American psychologist (born 1945)

Geoffrey Loftus (born December 24, 1945) is a Professor of Psychology at the University of Washington. He specializes in memory and attention, and his most recent research focuses on face perception and hindsight bias. Loftus received a B.A. in experimental psychology from Brown University in 1967 and a Ph.D. in experimental psychology from Stanford University in 1971, where his advisor was Richard C. Atkinson. He subsequently completed a postdoctoral fellowship under the mentorship of George Sperling in 1972, and he joined the faculty of the University of Washington shortly thereafter, where he has remained since. He taught at the Massachusetts Institute of Technology during the 1995–1996 academic year. Geoff Loftus was married to fellow psychologist Elizabeth Loftus from 1968 to 1991. They are now divorced, but remain close colleagues.

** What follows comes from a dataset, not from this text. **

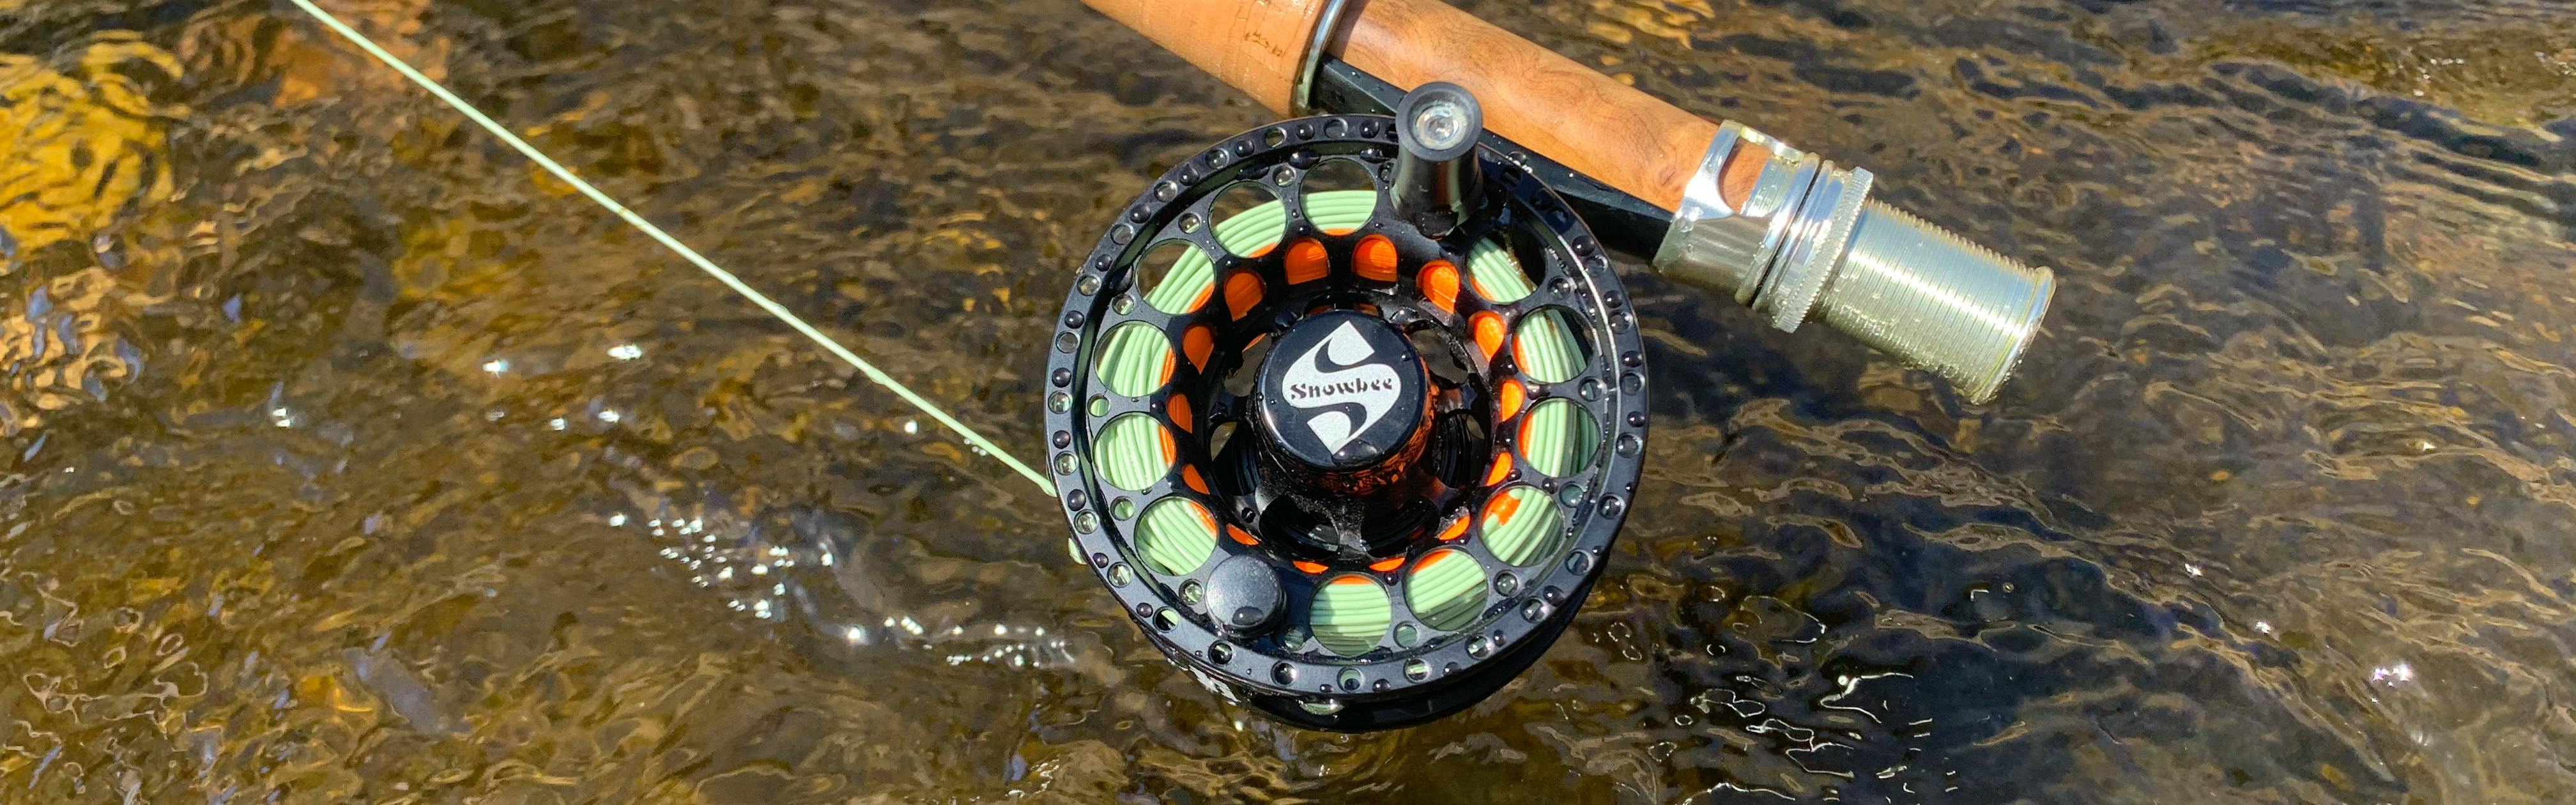 The Fly Fishing Vacation: How to Fly, Drive, or Sneak in your Gear

Geoff Loftus retired from full-time professorship in July, 2017, primarily to focus on his legal work. He still regularly testifies as an expert witness.

== Legal work ==
Increasingly, Loftus has been applying his scientific work to issues in human cognition that have arisen in legal cases. He has participated in one way or another in approximately 1,000 such cases. He has testified as an expert witness in perception, memory, statistics, and video-game behavior in approximately 495 civil and criminal cases. He has testified in superior courts in 13 U.S. states, United States federal courts in 11 different cities, a U.S. Court-martial at the U.S. Naval Air Station Sigonella in Italy, and Canadian court in Winnipeg, Manitoba. His work has been cited by the Innocence Project in several of their cases, most notably that of Darrell Edwards.

He has written articles on information loss in the human visual system associated with a witness's seeing someone from a specific distance (most relevant to the Innocence Project work) and visual hindsight bias.